De l’autre côté, l’aile plus radicale et nationaliste peine à se démarquer de l’extrême-droite traditionnelle. Au point que, dans la région Bourgogne Franche Comté, la liste républicaine a décidé de s’allier avec Debout La France, le parti de Nicolas Dupont-Aignan, qui avait soutenu Marine Le Pen au second tour de l’élection présidentielle de 2017. De même, dans la région PACA évoquée plus haut ou en Moselle, ce sont d’anciens Républicains, Thierry Mariani et Jean-Louis Masson, qui mèneront les listes du Rassemblement National, signe que la frontière entre les deux partis est plus poreuse que jamais.

A gauche, toujours plus d’incertitudes

Comme à chaque élection, la question de l’alliance des forces de gauche revient sur la table. Dans les Hauts-de-France, les socialistes, les communistes et la France Insoumise ont accepté de se ranger derrière l’écologiste Karima Delli, tête de liste d’une union de gauche inédite. Ailleurs, les discussions n’ont pas abouti. En Île-de-France (Paris), le premier tour verra ainsi s’affronter des listes socialistes, communistes et insoumises. Pour l’instant toutes bloquées sous les 15% d’intentions de vote, elles pourraient cependant constituer une grande alliance du second tour à même de battre la liste des Républicains, favorite dans la région.

En PACA, mêmes partis et mêmes problèmes. Alors qu’un accord entre les listes socialistes et écologistes était proche, une des leaders d’Europe-Ecologie Les Verts a décidé de faire cavalier seul, échaudé par les manœuvres d’appareil qui auraient privées ses troupes de places en bonne et due forme sur la liste. A l’inverse, La France Insoumise a profité de ce départ pour rappeler qu’elle était ouverte à une grande union de la gauche dans le sud-est, et éviter le duel de la droite contre l’extrême droite qui se profile.

Là encore, l’enjeu dépasse les régionale car, en parallèle, la question d’une grande alliance de la gauche continue de se poser pour la présidentielle de 2022. Dans un scrutin où seuls les deux candidats en tête au premier tour accèderont au second, aucun des nombreux candidats potentiels de la gauche n’est pour l’instant en position de contester le duopole Macron-Le Pen.
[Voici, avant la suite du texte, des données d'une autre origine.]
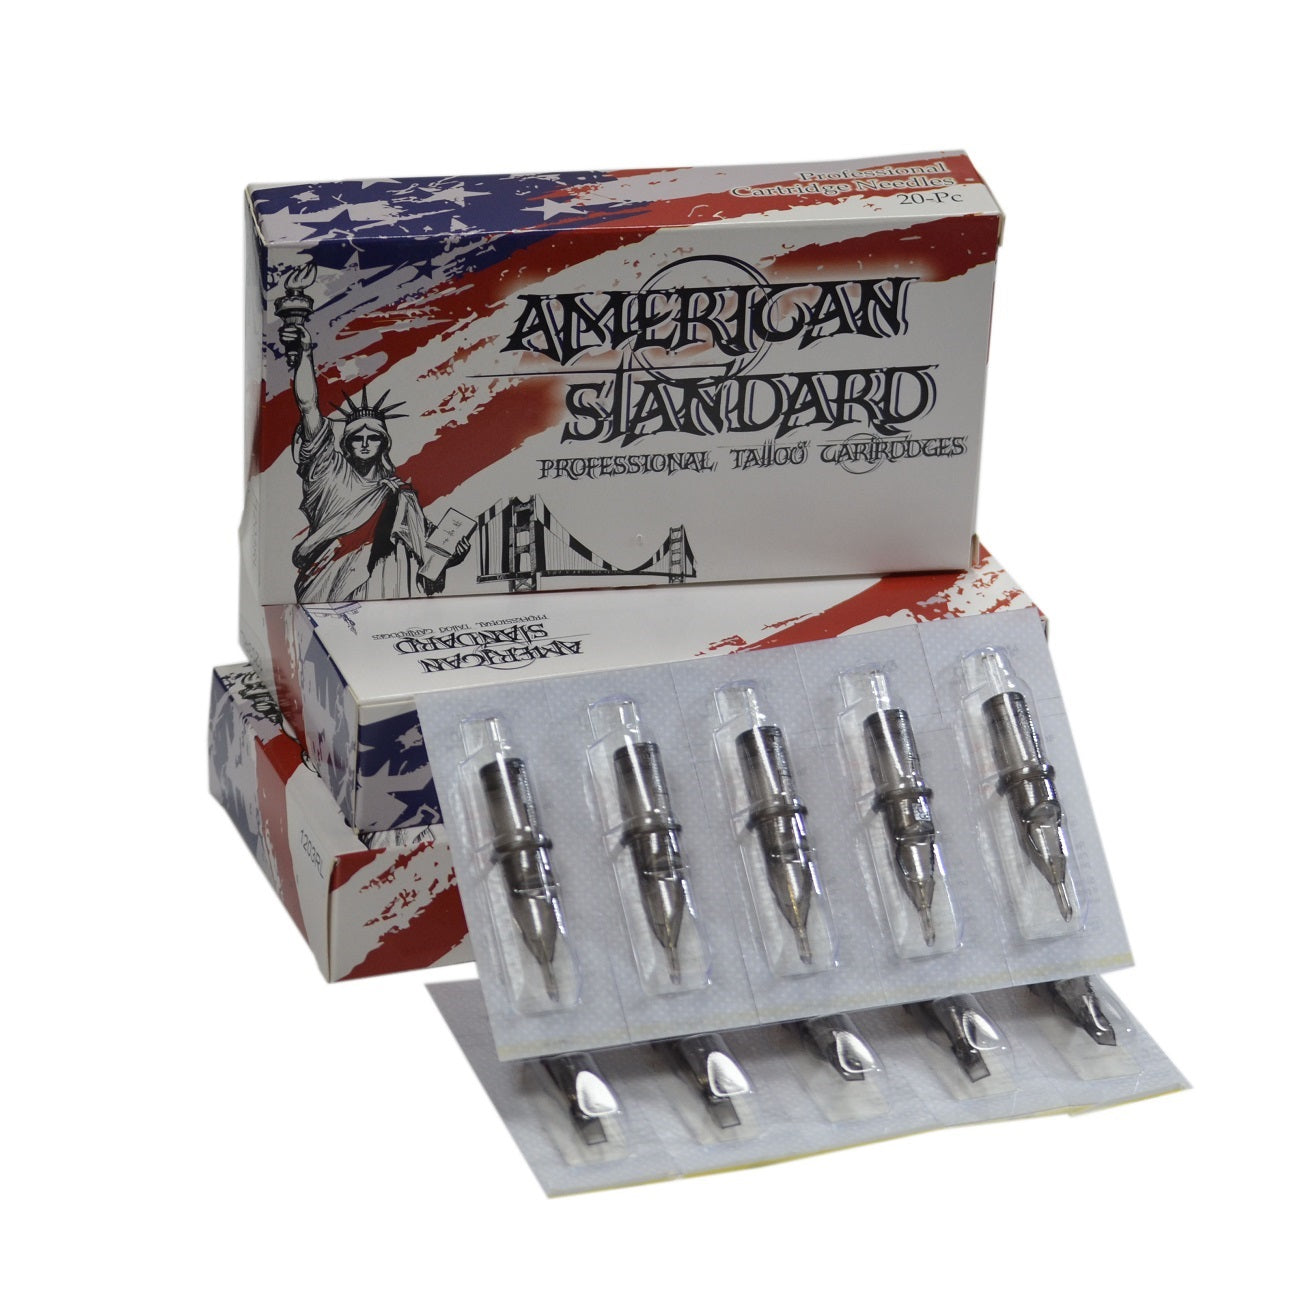  Magnum American Standard Tattoo  Needles

De par leur organisation, la structure du scrutin et les enjeux qui y sont liés, les élections régionales ne sont pas qu’une préparation à la présidentielle. Ainsi, bien que LREM soit relativement absent du jeu des régionales, Emmanuel Macron continue d’être le favori à sa propre succession. En revanche, pour les autres formations politiques, cette séquence se situe dans la lignée de la réorganisation du paysage politique entamée en 2017. Pour les deux principales victimes du précédent scrutin présidentiel, la droite conservatrice et la gauche sociale-démocrate, l’enjeu dépasse la simple représentation locale : il s’agira de consolider une ligne idéologique claire pour retrouver un espace politique viable.